■ Task description
Beneath this sentence is a listing. Return its lines from the one containing "Флеш пам'ять USB" through the last, exactly, and omit the pictures.

■ Supplied data
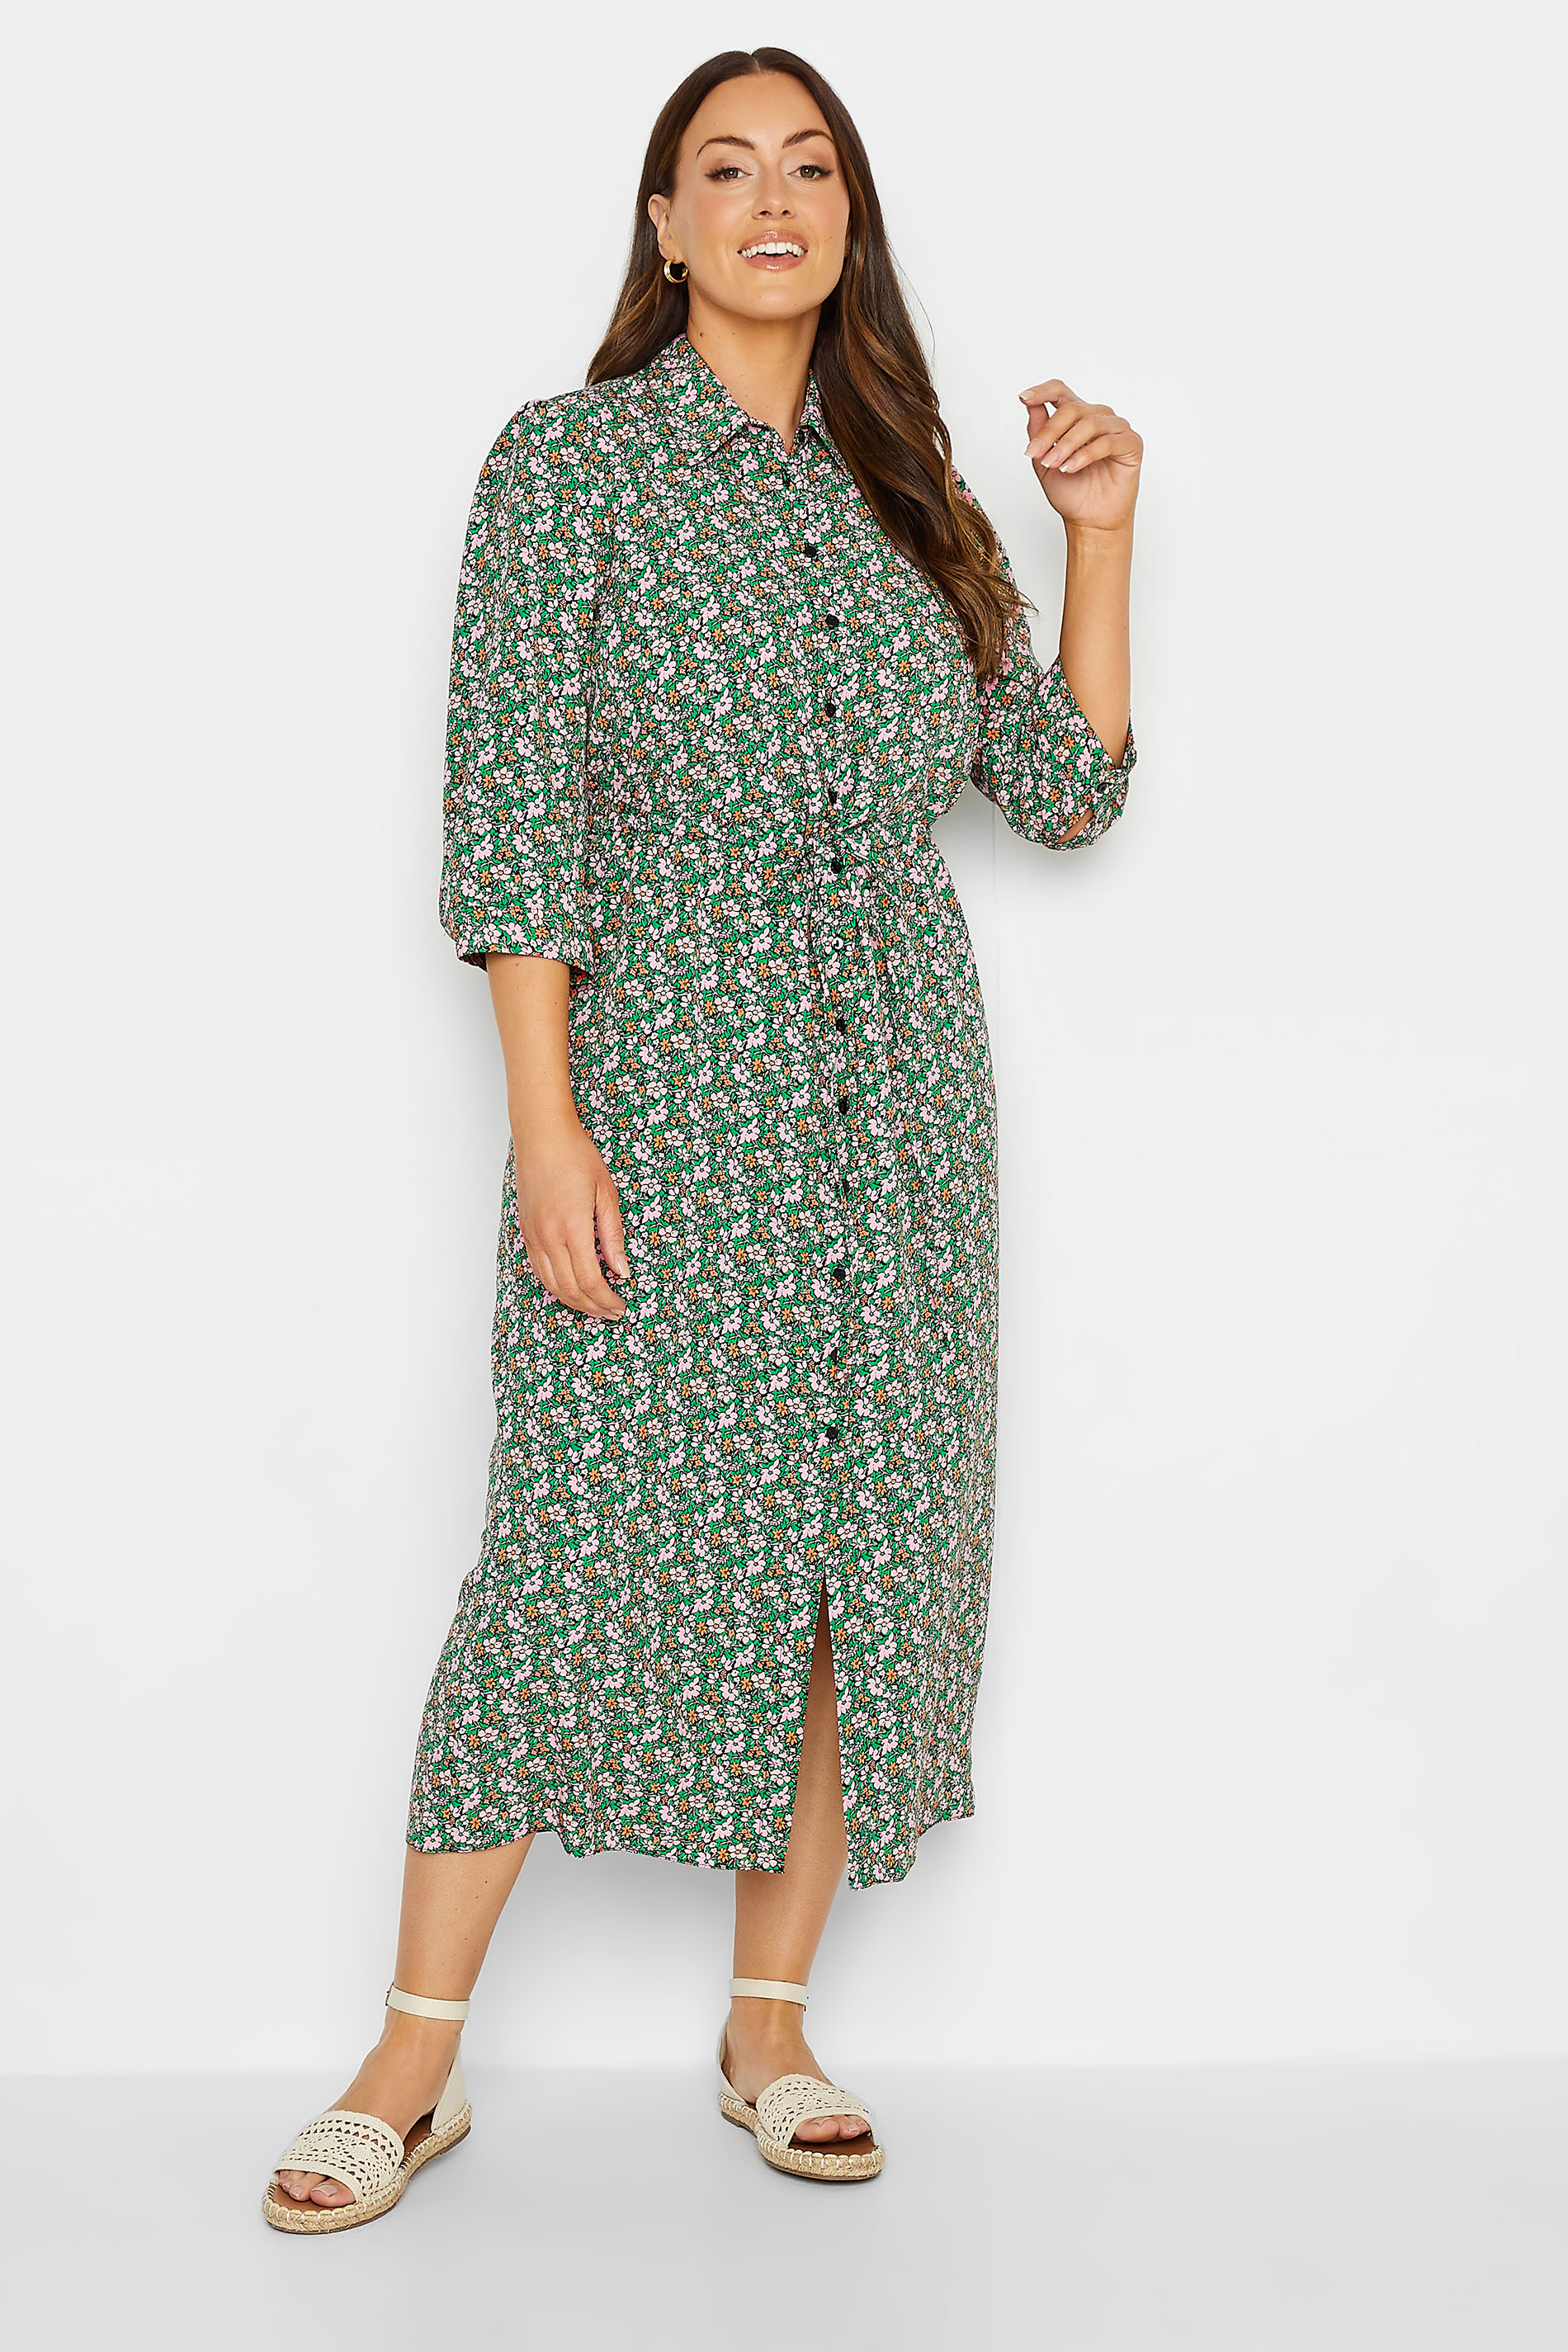 M&Co Women's Green Floral Print Midi Shirt Dress | M&Co 2
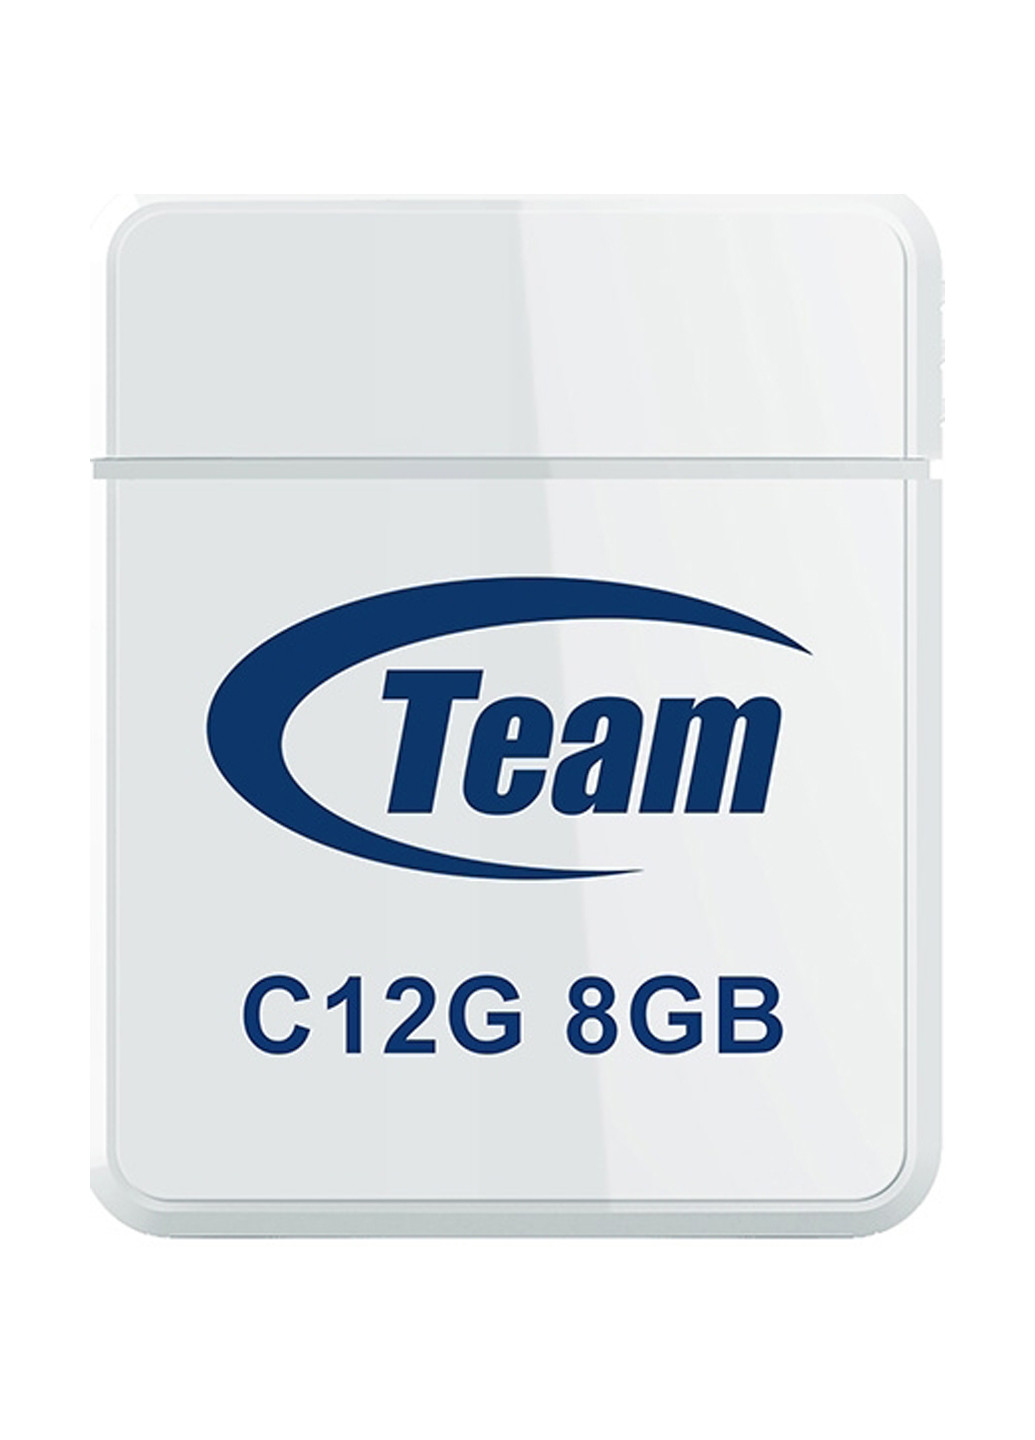 Флеш пам'ять USB C12G 8Gb Black (TC12G8GB01) Team флеш память usb team c12g 8gb black (tc12g8gb01) (134201676)
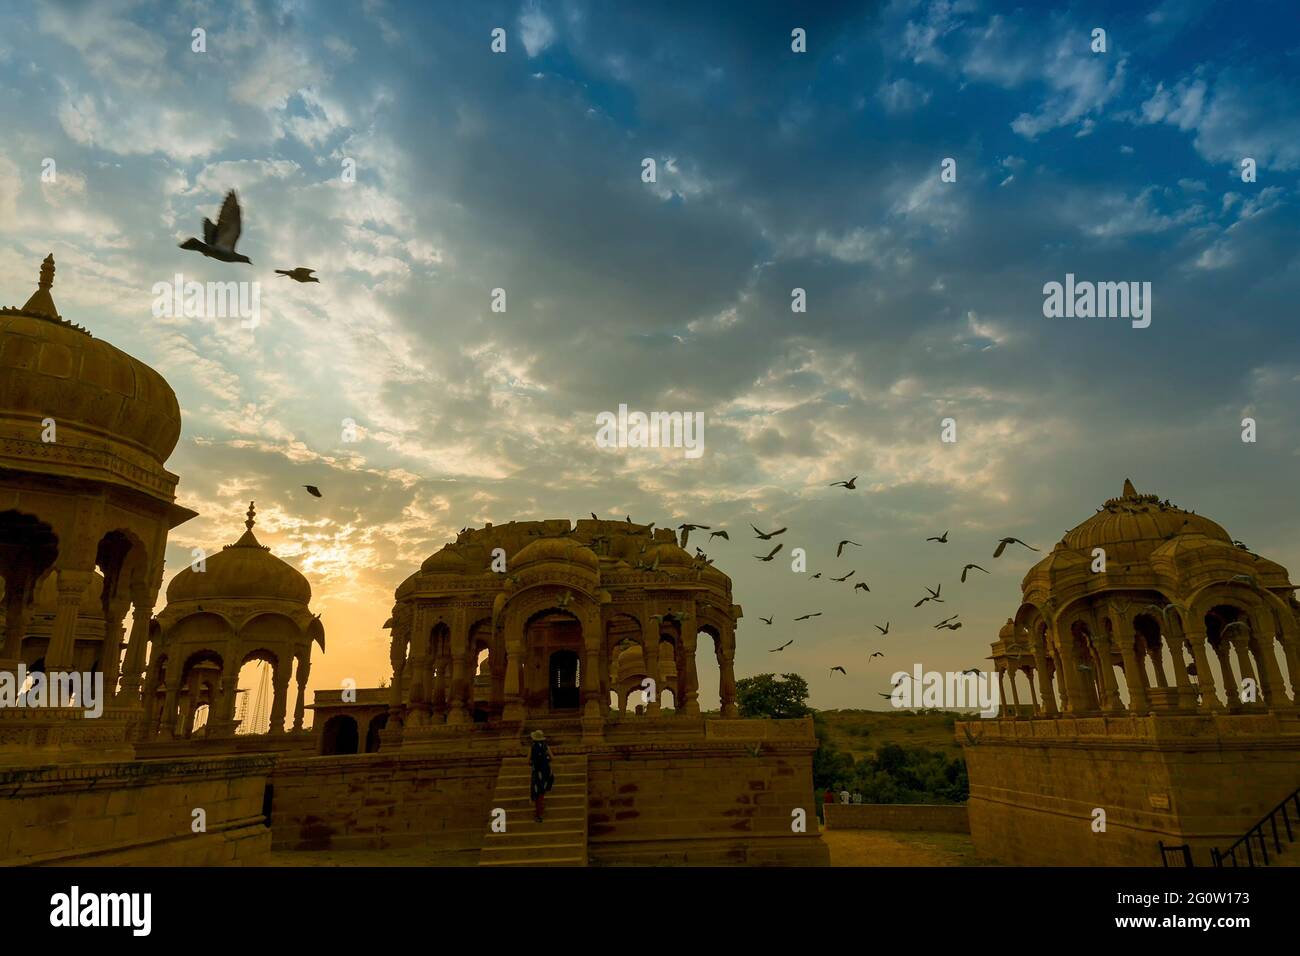 Silueta de Bada Bagh o Barabagh, significa Jardín Grande, es un complejo de jardines en Jaisalmer, Rajasthan, India, para los cenotafos reales de Maharajas significa Rey Foto de stock

■ Solution
 Флеш пам'ять USB C12G 8Gb Black (TC12G8GB01) Team флеш память usb team c12g 8gb black (tc12g8gb01) (134201676)
 Silueta de Bada Bagh o Barabagh, significa Jardín Grande, es un complejo de jardines en Jaisalmer, Rajasthan, India, para los cenotafos reales de Maharajas significa Rey Foto de stock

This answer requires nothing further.